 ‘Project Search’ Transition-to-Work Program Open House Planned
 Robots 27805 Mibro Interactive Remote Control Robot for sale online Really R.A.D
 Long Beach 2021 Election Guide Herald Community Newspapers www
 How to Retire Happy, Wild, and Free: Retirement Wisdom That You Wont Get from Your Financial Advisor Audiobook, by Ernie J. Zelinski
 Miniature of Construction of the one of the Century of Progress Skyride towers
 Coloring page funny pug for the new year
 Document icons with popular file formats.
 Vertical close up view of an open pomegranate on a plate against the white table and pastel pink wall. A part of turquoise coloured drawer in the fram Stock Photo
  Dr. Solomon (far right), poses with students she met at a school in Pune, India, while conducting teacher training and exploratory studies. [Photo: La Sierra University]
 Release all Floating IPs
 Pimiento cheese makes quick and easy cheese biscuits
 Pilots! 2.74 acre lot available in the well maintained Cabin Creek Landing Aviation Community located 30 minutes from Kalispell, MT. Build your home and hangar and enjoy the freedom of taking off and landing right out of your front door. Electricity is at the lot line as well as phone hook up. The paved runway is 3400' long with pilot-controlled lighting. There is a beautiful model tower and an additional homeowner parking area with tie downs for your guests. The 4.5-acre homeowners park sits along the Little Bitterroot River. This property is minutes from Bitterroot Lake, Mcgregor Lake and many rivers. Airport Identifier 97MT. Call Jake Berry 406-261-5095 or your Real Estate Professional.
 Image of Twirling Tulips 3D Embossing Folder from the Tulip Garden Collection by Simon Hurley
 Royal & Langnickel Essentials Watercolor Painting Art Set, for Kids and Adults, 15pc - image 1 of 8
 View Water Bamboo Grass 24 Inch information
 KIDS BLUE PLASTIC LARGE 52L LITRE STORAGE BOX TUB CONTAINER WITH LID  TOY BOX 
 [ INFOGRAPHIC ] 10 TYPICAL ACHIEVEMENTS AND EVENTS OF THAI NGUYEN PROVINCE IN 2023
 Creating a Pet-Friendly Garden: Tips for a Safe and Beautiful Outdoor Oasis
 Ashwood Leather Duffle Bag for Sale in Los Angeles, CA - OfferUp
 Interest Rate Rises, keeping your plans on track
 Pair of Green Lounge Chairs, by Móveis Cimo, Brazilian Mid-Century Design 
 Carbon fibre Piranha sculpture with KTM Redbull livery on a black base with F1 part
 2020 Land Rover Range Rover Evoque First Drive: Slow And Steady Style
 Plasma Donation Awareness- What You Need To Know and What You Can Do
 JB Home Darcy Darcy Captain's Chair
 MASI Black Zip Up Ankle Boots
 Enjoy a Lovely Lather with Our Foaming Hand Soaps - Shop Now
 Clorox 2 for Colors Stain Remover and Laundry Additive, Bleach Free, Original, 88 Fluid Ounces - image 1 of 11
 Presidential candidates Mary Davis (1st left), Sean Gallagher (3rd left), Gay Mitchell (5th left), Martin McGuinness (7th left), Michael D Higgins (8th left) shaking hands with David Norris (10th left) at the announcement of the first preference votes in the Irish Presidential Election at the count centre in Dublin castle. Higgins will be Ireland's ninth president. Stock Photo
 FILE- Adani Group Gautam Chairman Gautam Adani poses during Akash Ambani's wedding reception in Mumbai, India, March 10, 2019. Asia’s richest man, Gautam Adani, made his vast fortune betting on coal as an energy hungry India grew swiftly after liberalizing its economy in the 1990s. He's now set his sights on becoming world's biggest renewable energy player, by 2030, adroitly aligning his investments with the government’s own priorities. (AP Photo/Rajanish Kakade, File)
= = = = =
=== Exercise goal ===
I need every line of the data that has the word "poses"; please list them.

=== Response ===
  Dr. Solomon (far right), poses with students she met at a school in Pune, India, while conducting teacher training and exploratory studies. [Photo: La Sierra University]
 FILE- Adani Group Gautam Chairman Gautam Adani poses during Akash Ambani's wedding reception in Mumbai, India, March 10, 2019. Asia’s richest man, Gautam Adani, made his vast fortune betting on coal as an energy hungry India grew swiftly after liberalizing its economy in the 1990s. He's now set his sights on becoming world's biggest renewable energy player, by 2030, adroitly aligning his investments with the government’s own priorities. (AP Photo/Rajanish Kakade, File)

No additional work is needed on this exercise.